L’IVG médicamenteuse est une méthode d’avortement qui peut se pratiquer jusqu’à la fin de la 7ème semaine de grossesse, soit 9 semaines après le début des dernières règles. Elle consiste à provoquer une fausse couche en prenant deux médicaments différents : la mifépristone (MYFEGINE) qui interrompt le développement de la grossesse et le misoprostol (GYMISO) qui provoque l’expulsion de la grossesse. Cette méthode peut être réalisée au cabinet de votre médecin-traitant, de votre gynécologue ou de votre sage-femme, ou dans un centre de planification ayant signé une convention avec un établissement de santé.
La prise de misoprostol est déconseillée par voie vaginale par les laboratoires en raison d'un risque de douleurs abdomino-pelviennes plus fréquentes. Les saignements de la patiente lors d’une interruption de grossesse médicamenteuse peuvent survenir entre 30mn et 3 jours après la prise de médicament. Dans la grande majorité des cas, ils surviennent dans les 2 à 4 heures après la prise du 2ème médicament, le misoprostol. Dans 5% des cas, ces saignements surviennent dès la prise de la mifépristone.

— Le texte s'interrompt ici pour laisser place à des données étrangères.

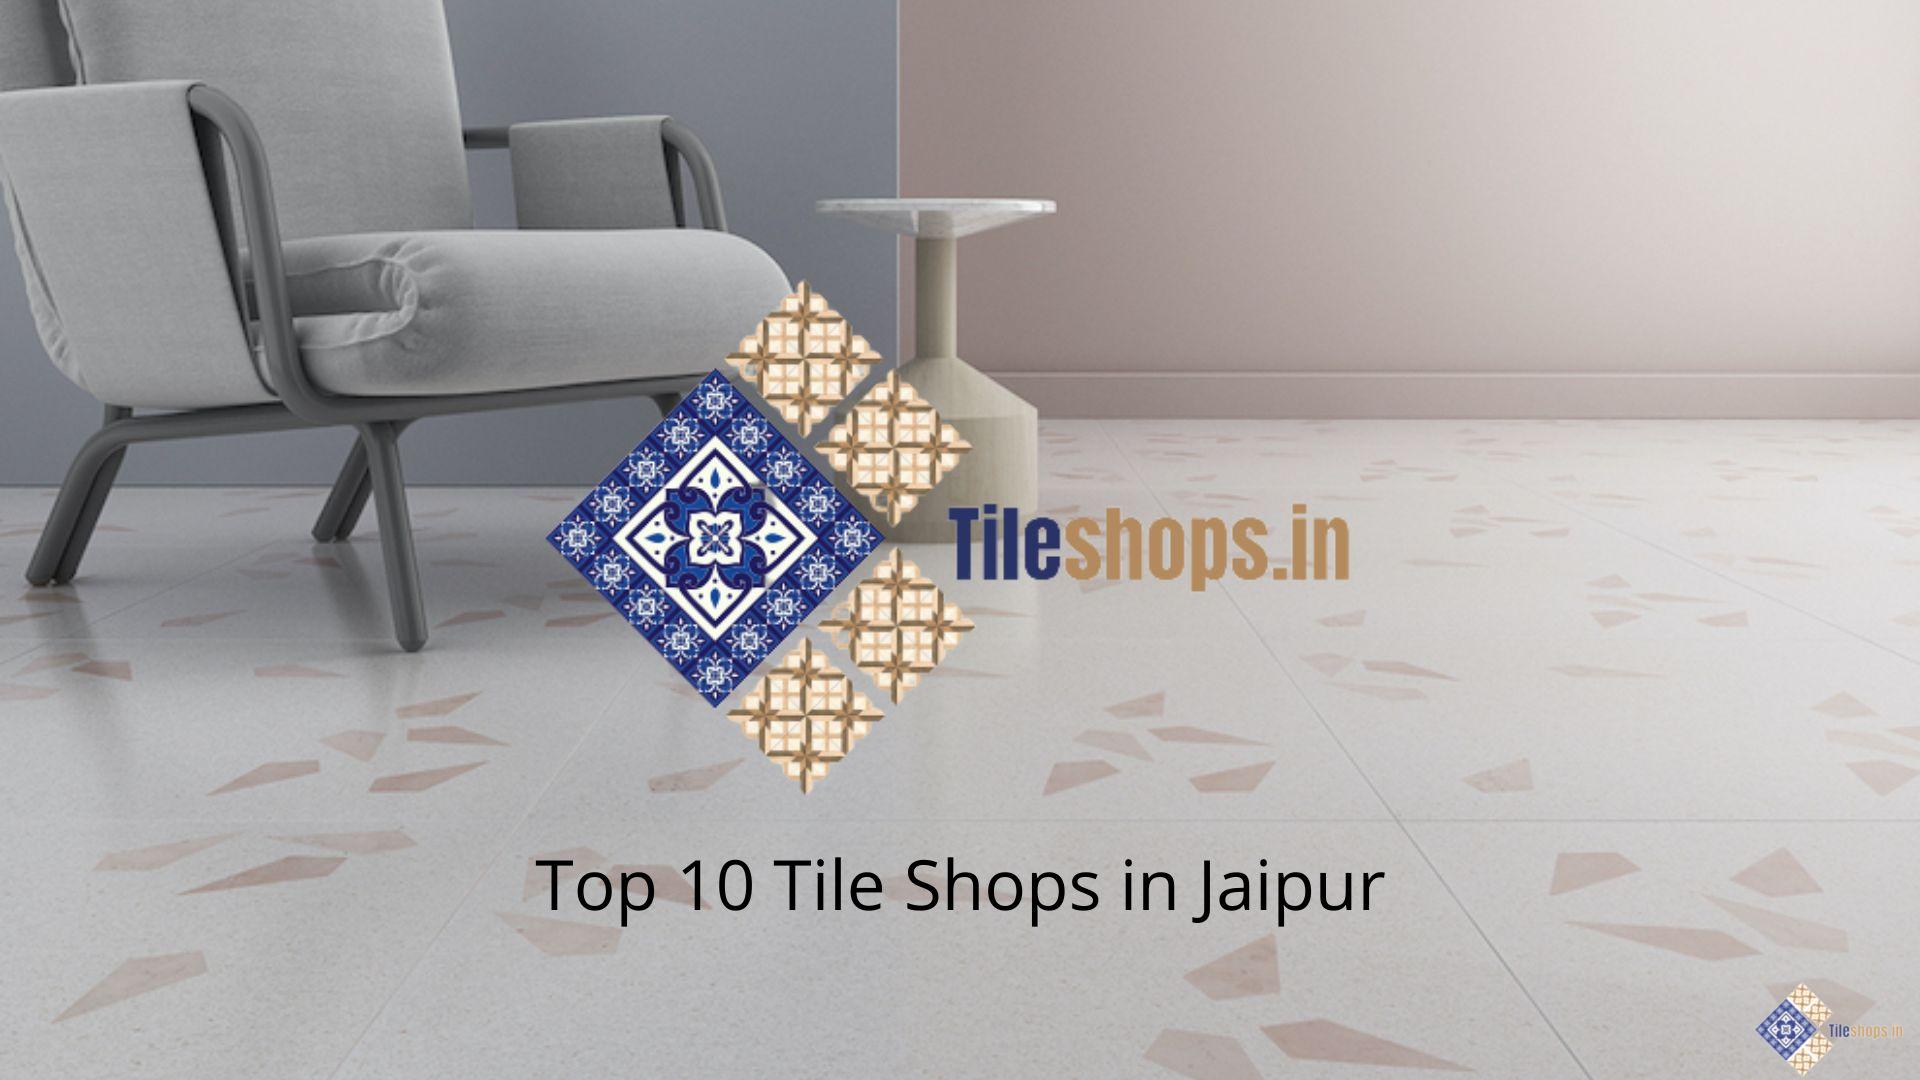 Top 10 Tile Shops in Jaipur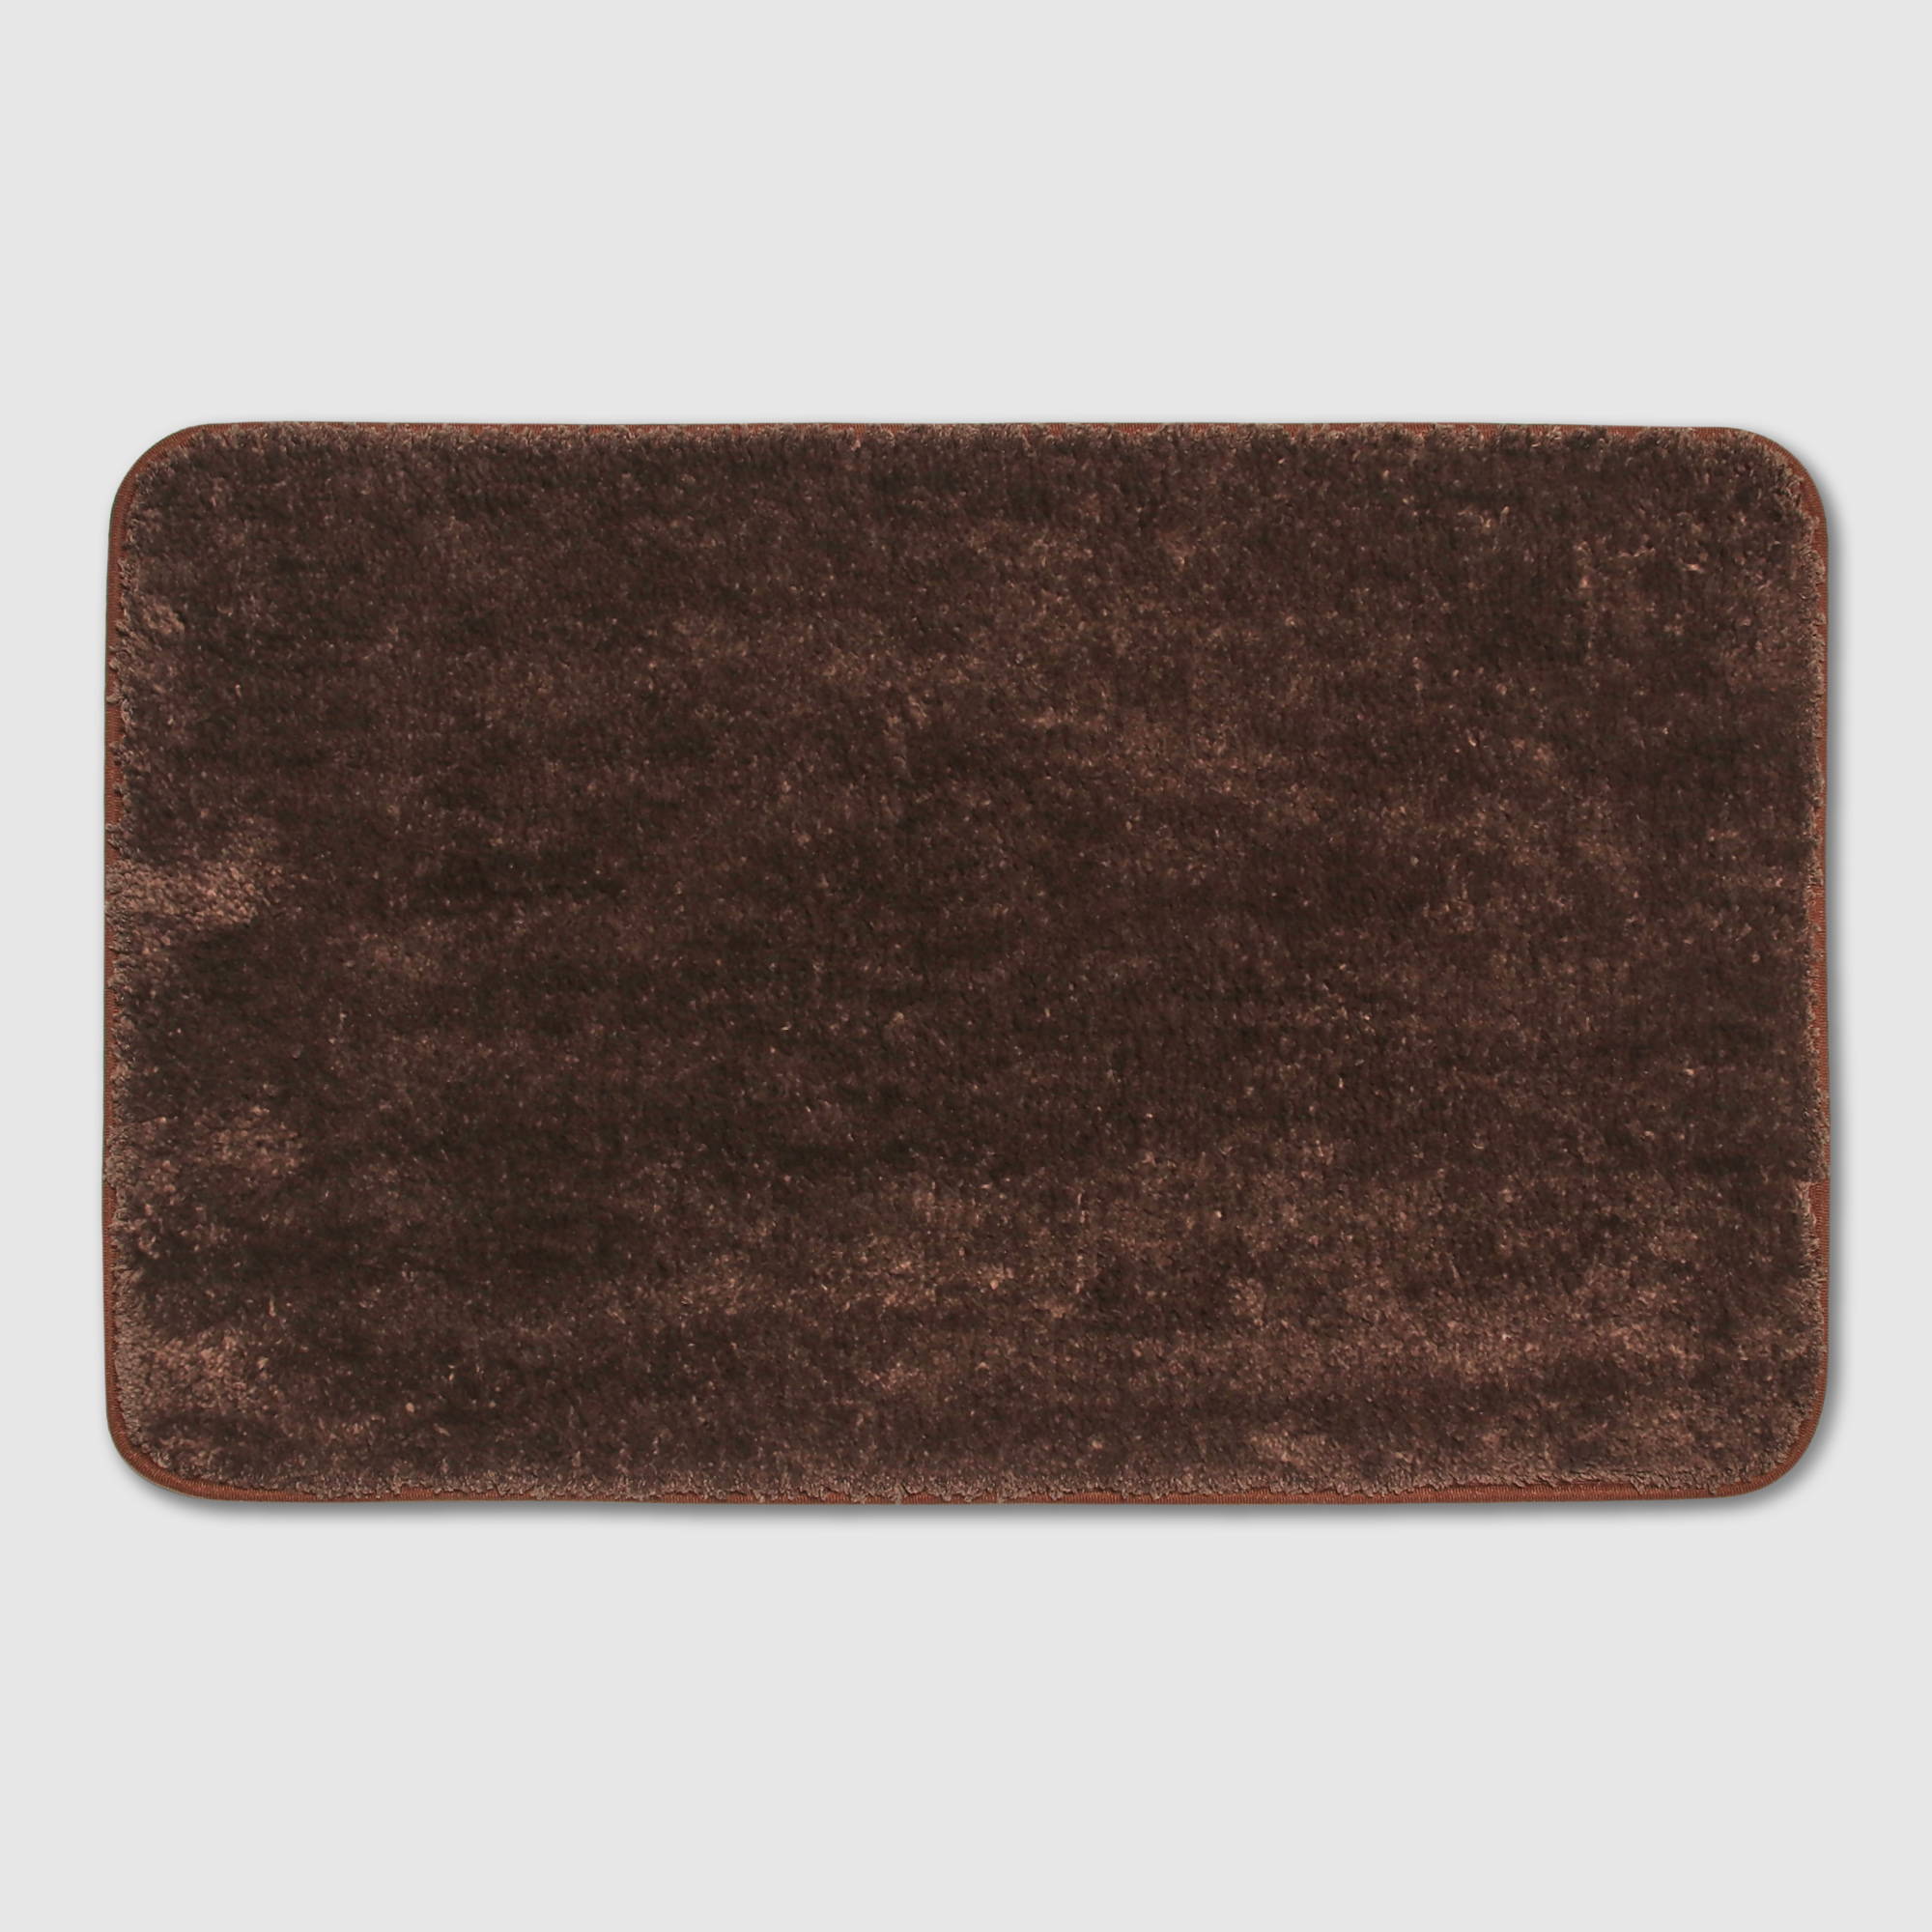 коврик придверный x y carpet оранжевый 50х80 см Коврик Silverstone Carpet коричневый 50х80 см

Les saignements qui s’ensuivent, plus ou moins importants peuvent durer de 10 à 20 jours. Ils sont comparables ou plus abondants que les règles, plus épais avec des caillots (qui proviennent de la muqueuse utérine). Leur abondance dépend du stade de la grossesse et sont souvent plus abondants après 7 SA (semaines d’aménorrhées) c’est-à-dire 5 semaines de grossesse. On peut parfois voir une boule blanche gélatineuse qui correspond à l’œuf appelé aussi le sac ovulaire dans les saignements.
S’il n’y a pas de saignement à 24h, il faut contacter le ou la médecin ou sage-femme pour avoir une appréciation de la situation. Si aucun saignement ne se déclenche après 24h, il faut reconsulter sans attendre.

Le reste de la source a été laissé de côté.